Come? Prima di tutto intervenendo davvero per il raggiungimento di una pace giusta e duratura sia per palestinesi che per gli israeliani, basata sul diritto internazionale. In altre parole esercitando finalmente una leadership internazionale nel tentativo di risoluzione di questa lunghissima crisi.
In questa direzione, oggi, in occasione dell’incontro di Netanyahu con i Ministri degli esteri europei l'UE e i suoi Stati membri, dovrebbero ribadire collettivamente che l'annessione di Gerusalemme Est da parte di Israele non solo è illegale, ma null’altro che un modo per allontanare la pace, sottolineando inoltre con forza le responsabilità di Israele come potenza occupante.
E, per quanto riguarda l’Italia, la dichiarazione del Vice Ministro Giro in vista dell’incontro appare andare proprio su questa linea.
Dal summit dovrebbe perciò emergere la necessità di contrastare il rischio che la decisione degli Stati Uniti possa incoraggiare Israele a espandere ulteriormente gli insediamenti, intensificare i trasferimenti forzati e gli sfratti di civili, e continuare con la sua politica di demolizione delle case. In altre parole di andare avanti con una politica che impedisce a migliaia di palestinesi di godere pienamente dei loro diritti. Il messaggio dell’UE dovrebbe risultare chiaro: Israele renda conto di tali pratiche.
Un primo passo ad esempio, per rendere concreta questa richiesta, potrebbe avvenire esercitando pressione su Israele, per un risarcimento per le 400 strutture finanziate dall'Ue o dagli Stati membri (per un valore di oltre 1,2 milioni di euro di denaro pubblico) demolite o sequestrate negli ultimi otto anni, in violazione del diritto internazionale umanitario.

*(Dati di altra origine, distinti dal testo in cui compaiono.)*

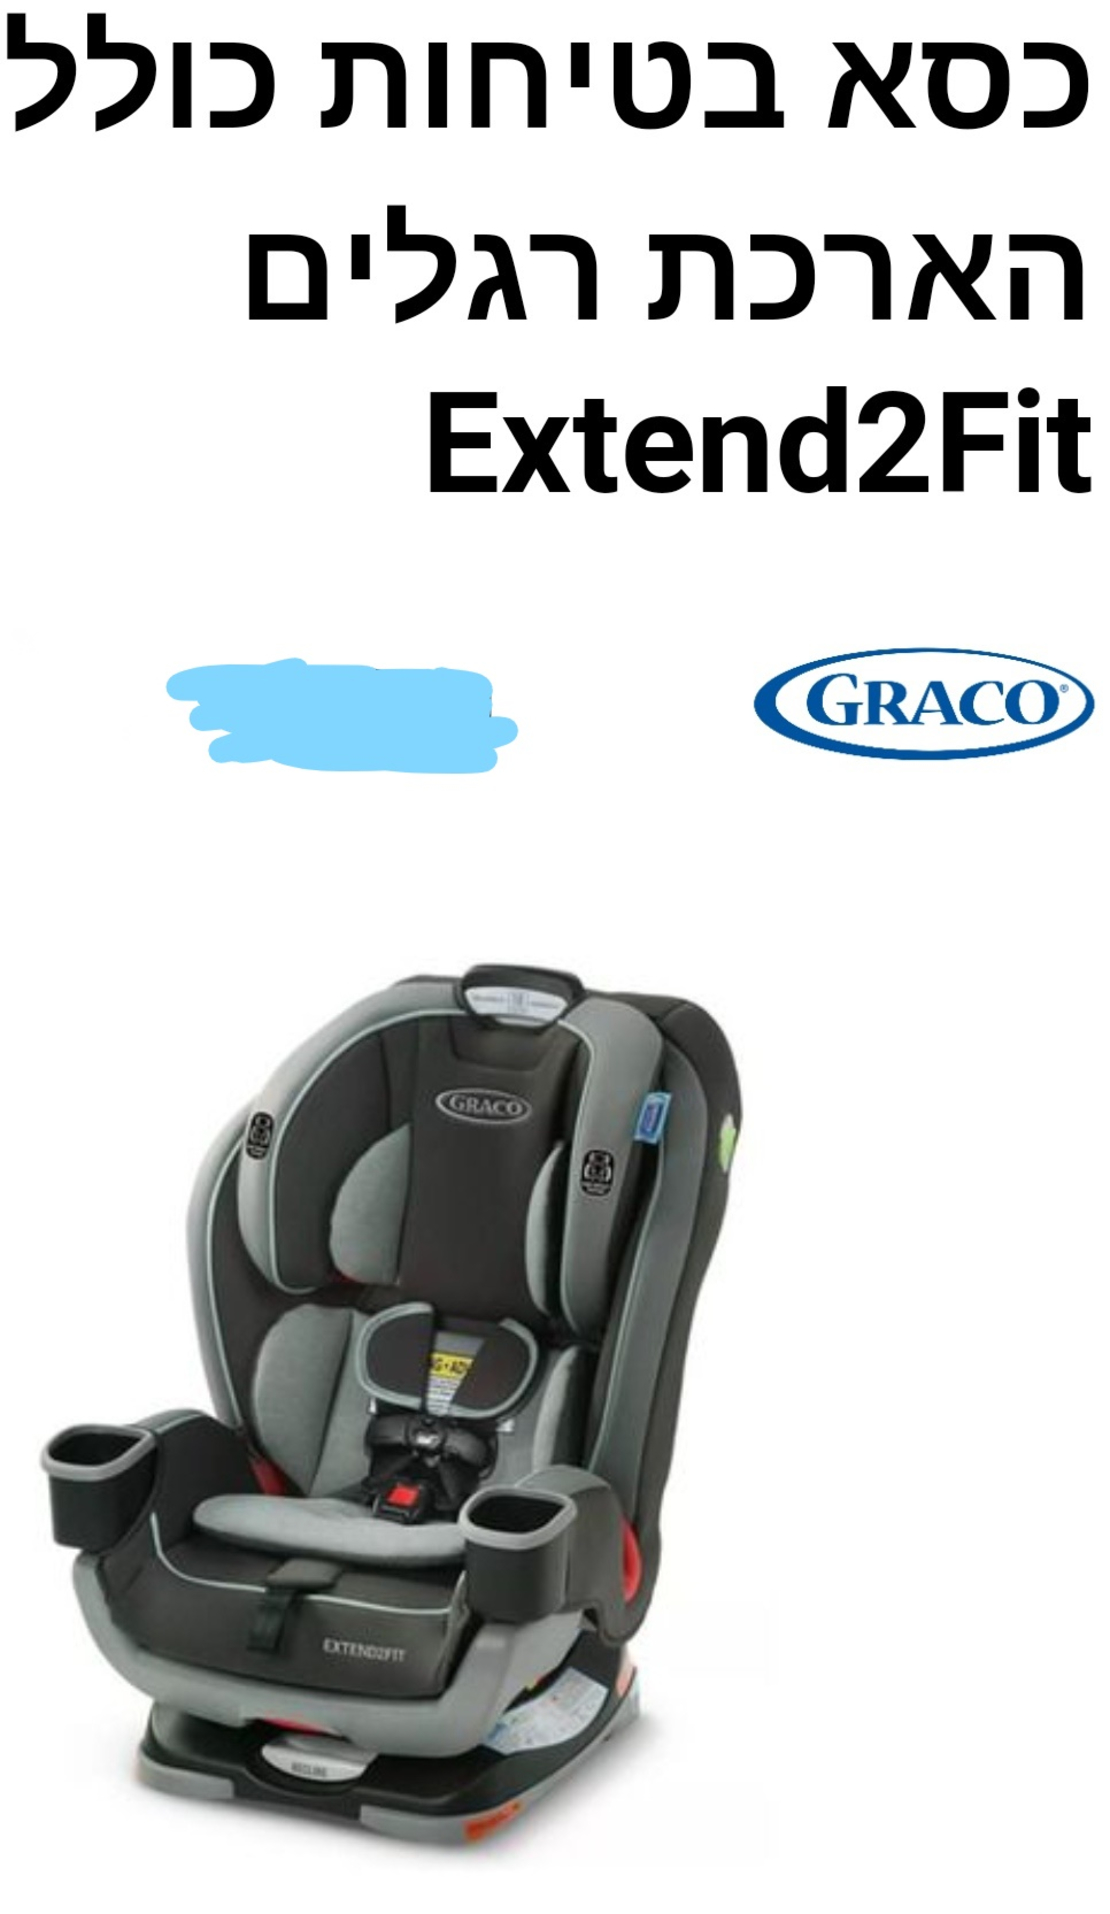 כסא בטיחות - גרקו - כולל הארכת רגלים Extend2Fit

Infine, dobbiamo tener presente come la frammentazione delle comunità palestinesi e la separazione della Striscia di Gaza dal resto degli OPT, da Israele e dal mondo rendono impossibile una soluzione pacifica, vista in particolare alla luce dei recenti sviluppi. È fondamentale quindi che l'Ue e i suoi Stati membri sostengano attivamente e non impediscano gli sforzi di riconciliazione palestinese, e allo stesso tempo spingano Israele a rimuovere il blocco al commercio di Gaza, in modo da incoraggiare la ripresa economica nella Striscia, che gioverebbe sia agli israeliani che ai palestinesi.
E’ una sfida molto complessa, ma se l’Europa vuole riempire il vuoto diplomatico lasciato dagli Stati Uniti dopo la scelta di Trump, si deve muovere unita, adesso.